= Data segment =
========================================================================

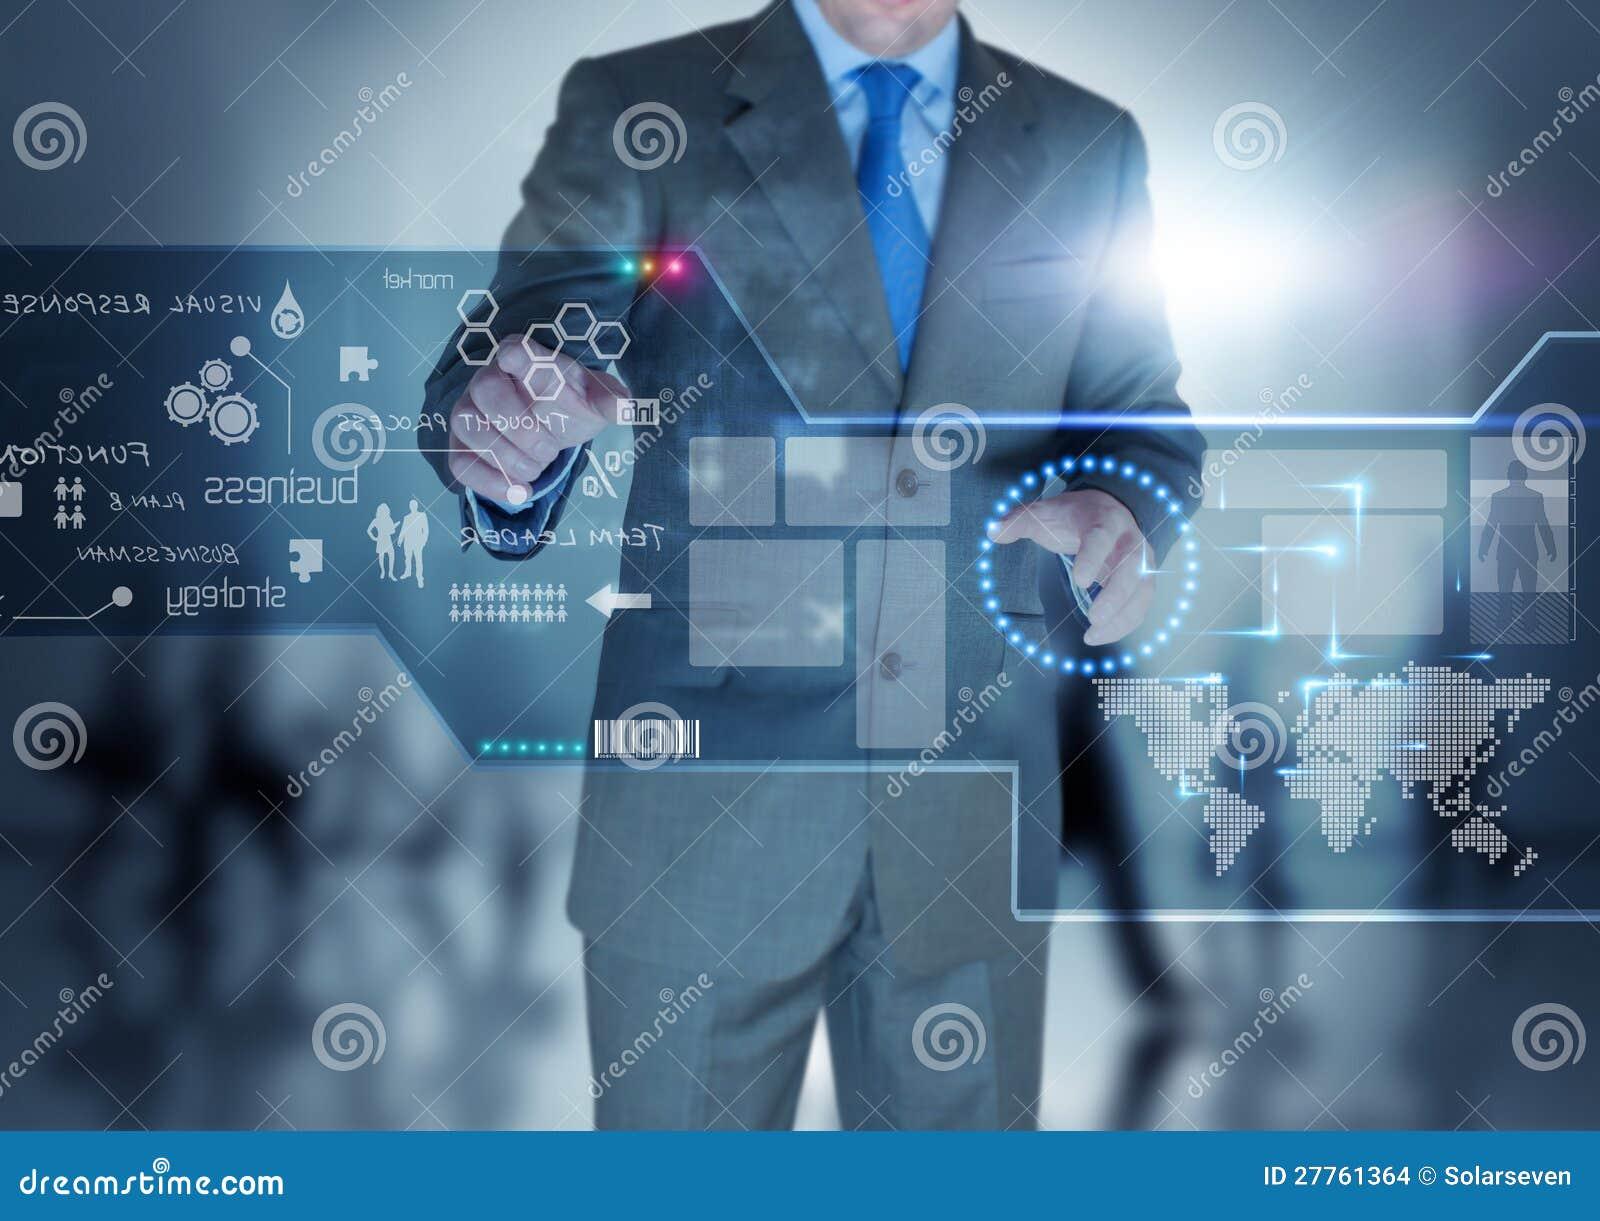 Zukünftige Technologie-Bildschirmanzeige
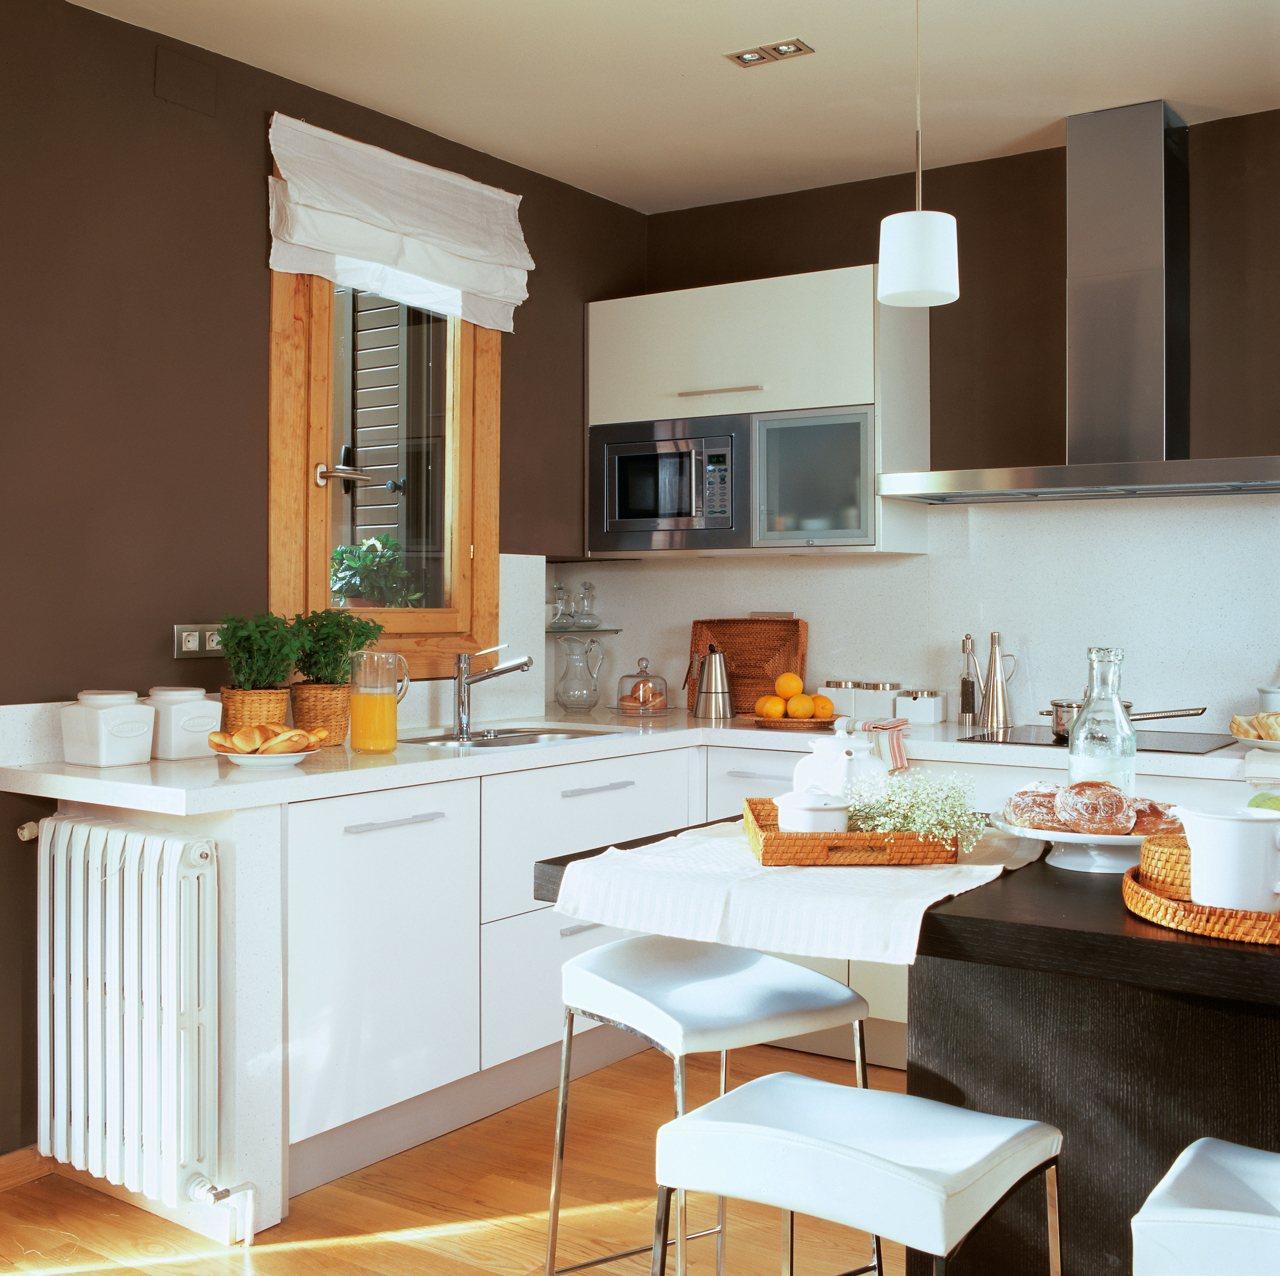 ahora me encanta, me parece superoriginal el color de los muebles
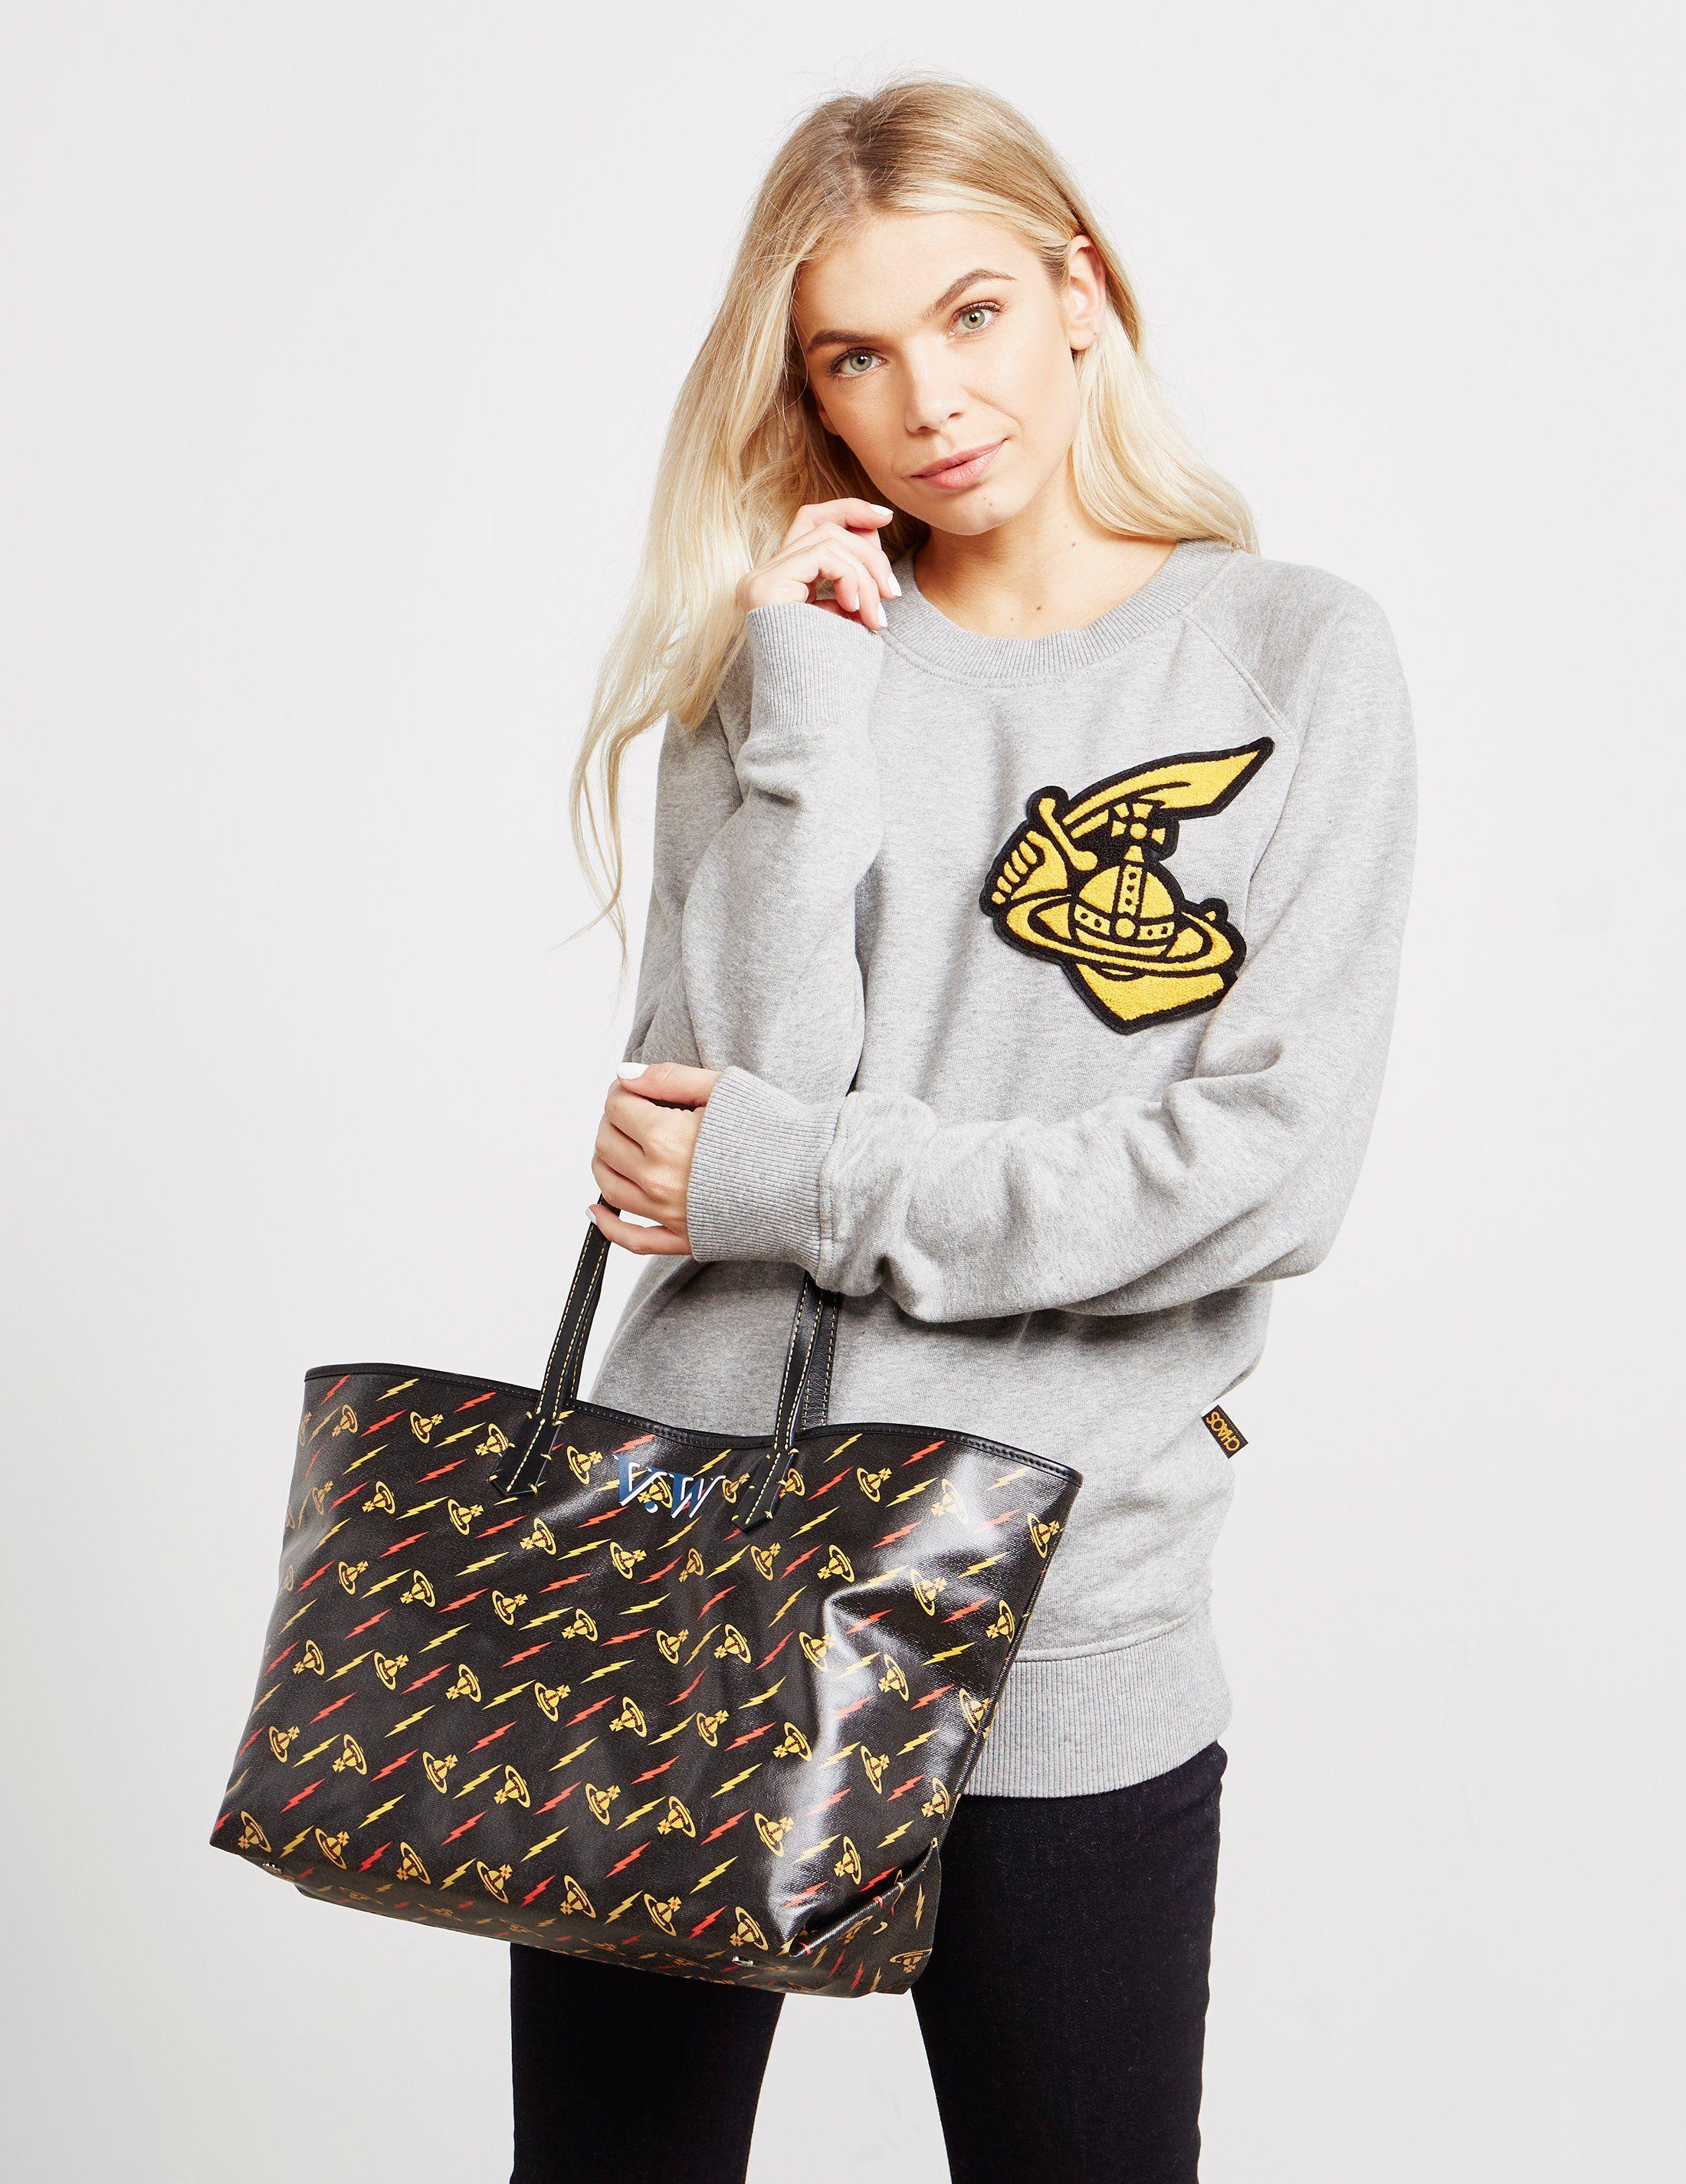 Vivienne Westwood Collette Orb Shopper Bag

========================================================================

= Task objective =
Omit the pictures, then retype the remaining material without a single change.

= Exercise answer =
 Zukünftige Technologie-Bildschirmanzeige
 ahora me encanta, me parece superoriginal el color de los muebles
 Vivienne Westwood Collette Orb Shopper Bag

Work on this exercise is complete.